**What you are asked to do**
A word-for-word copy of the data, with no images, is the required answer.
-- Data block follows --
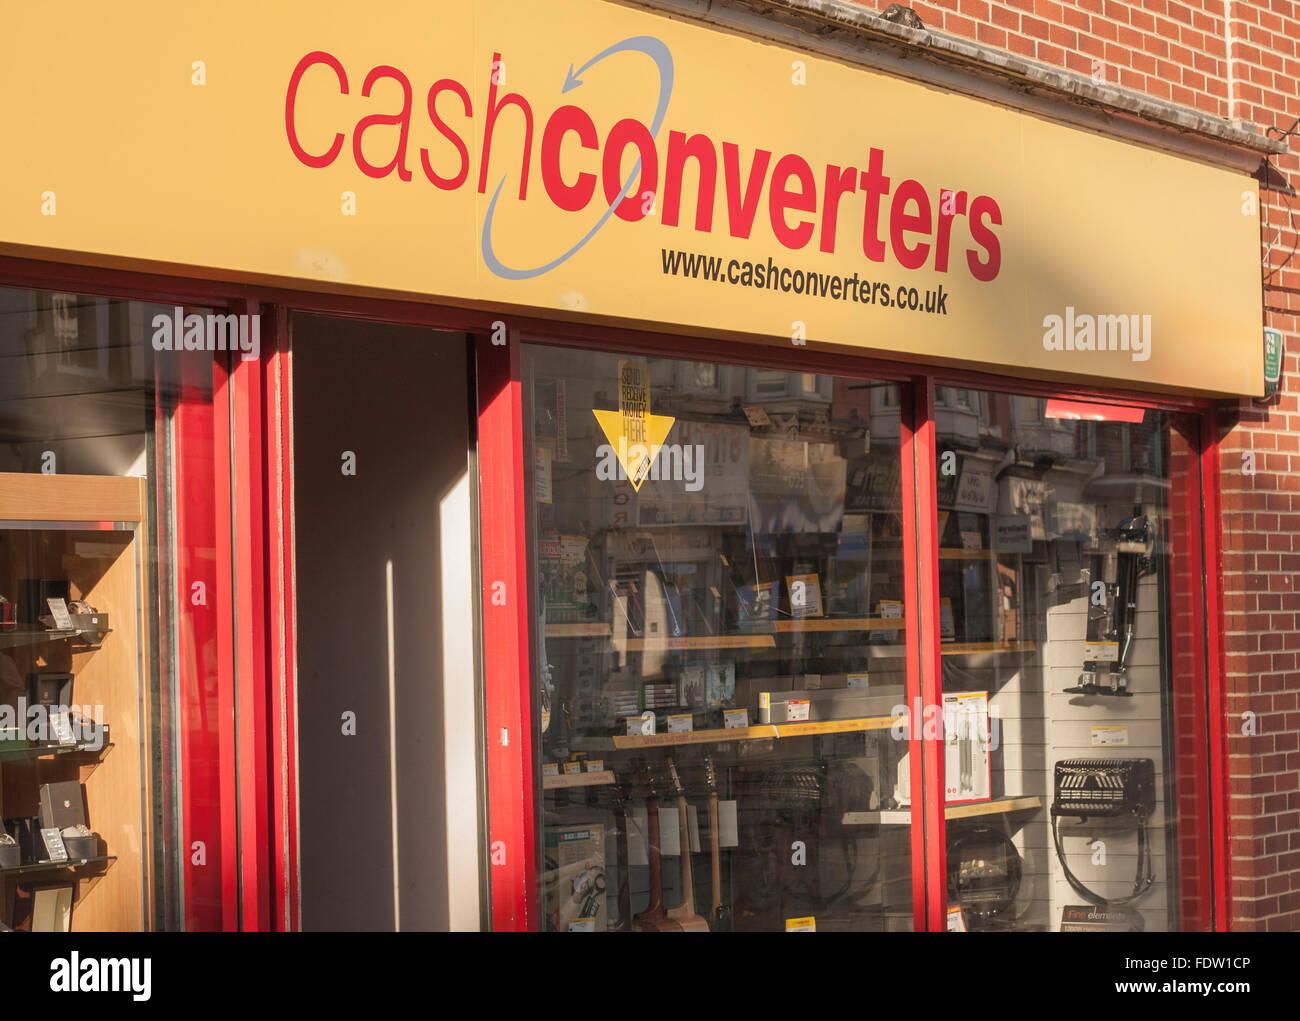 100 instant cash loan image 6
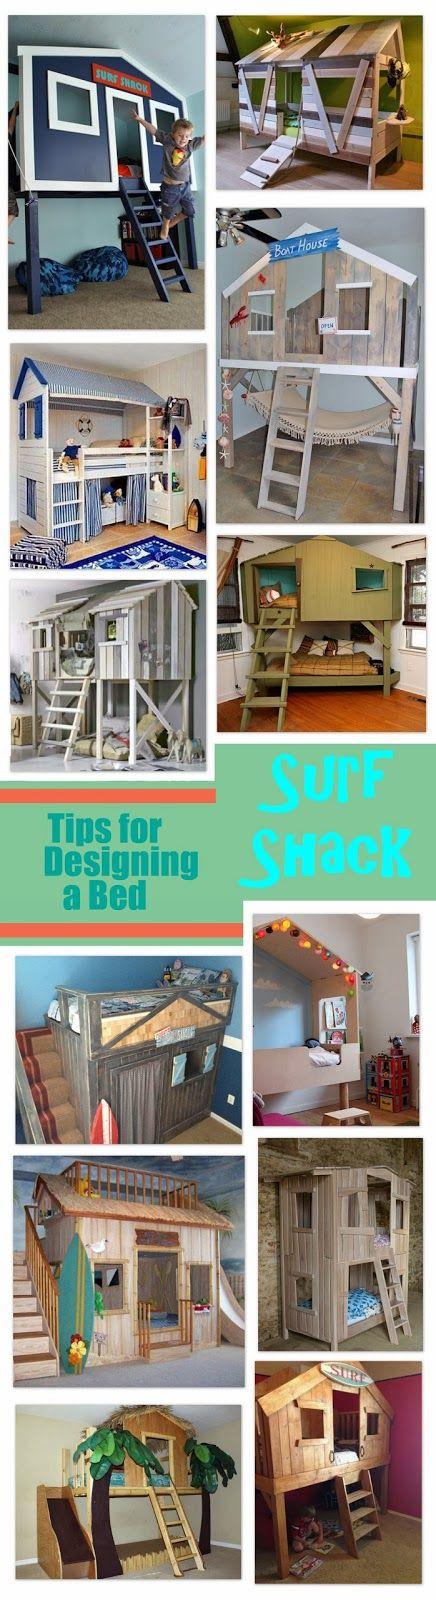 Muchas camas bunker!  Designing a Surf Shack Bed - Smart Girls DIY
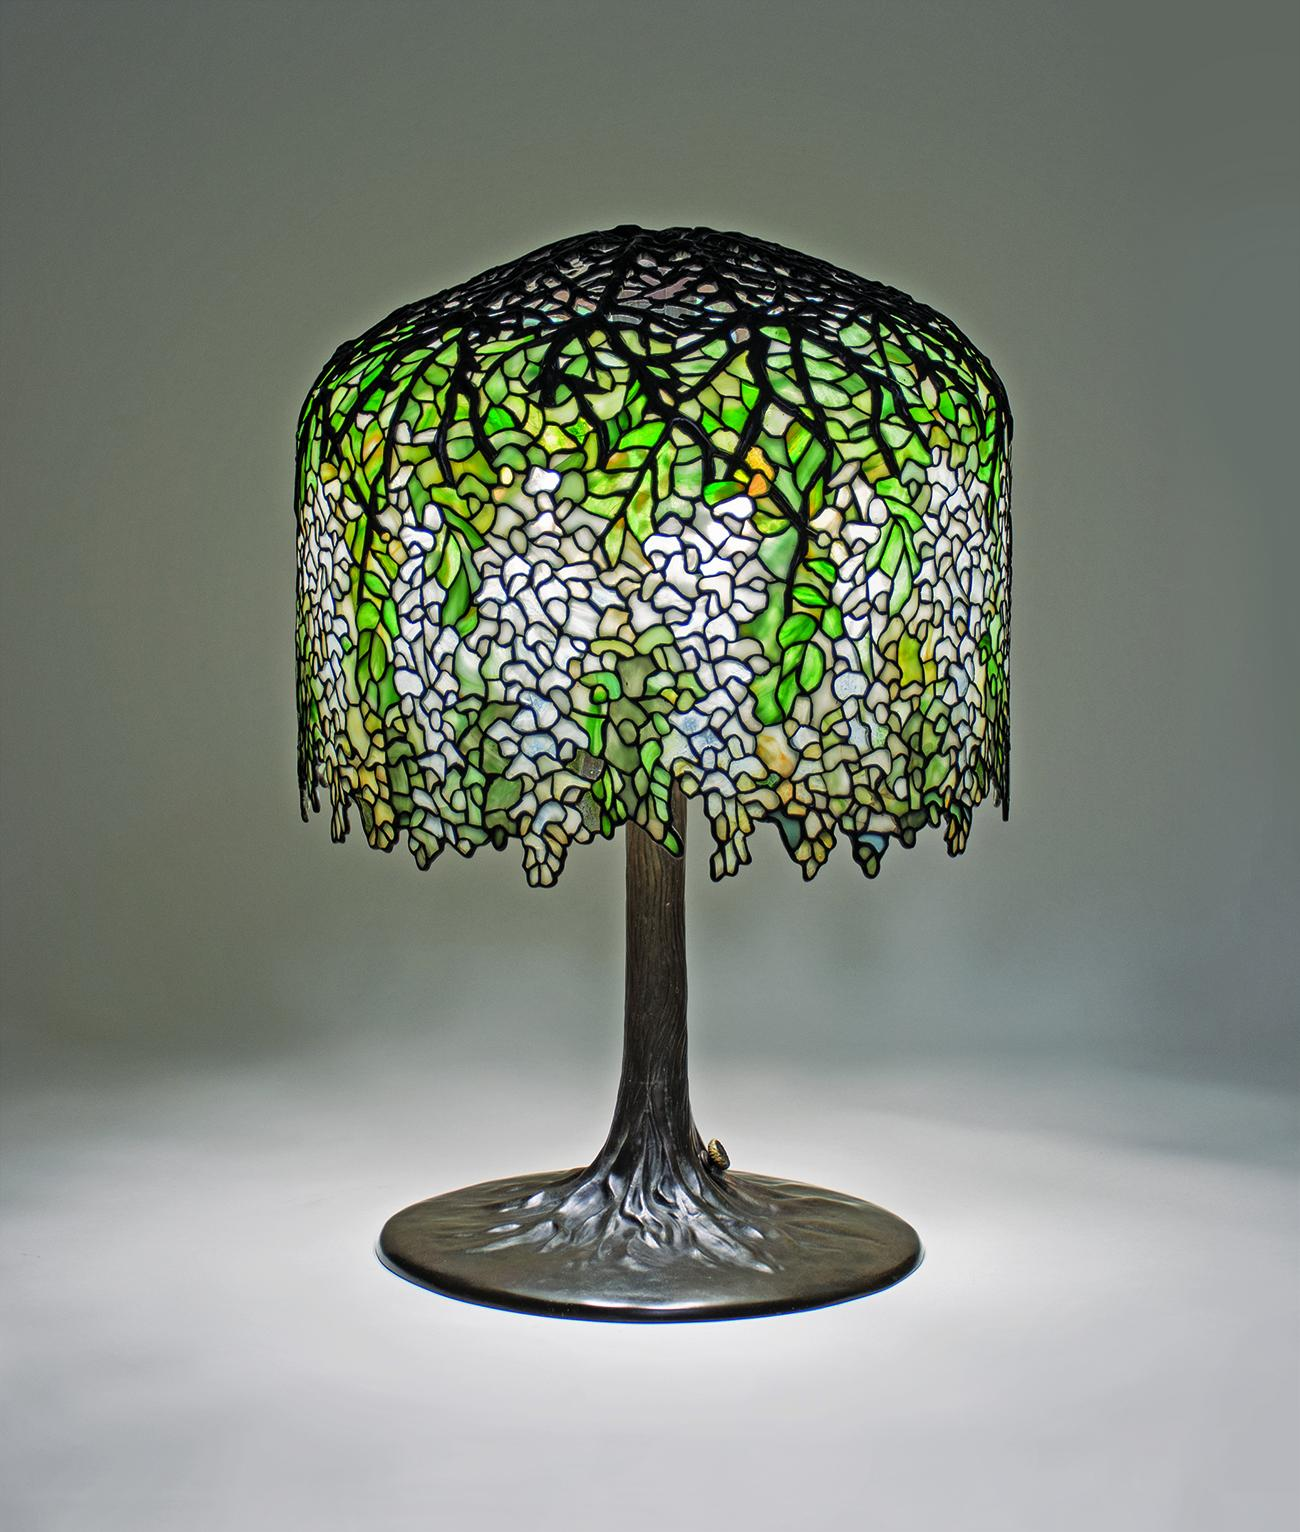 Tiffany Studios  White Wisteria  Table Lamp 1
-- Data block concluded --
**Answer box**
 100 instant cash loan image 6
 Muchas camas bunker!  Designing a Surf Shack Bed - Smart Girls DIY
 Tiffany Studios  White Wisteria  Table Lamp 1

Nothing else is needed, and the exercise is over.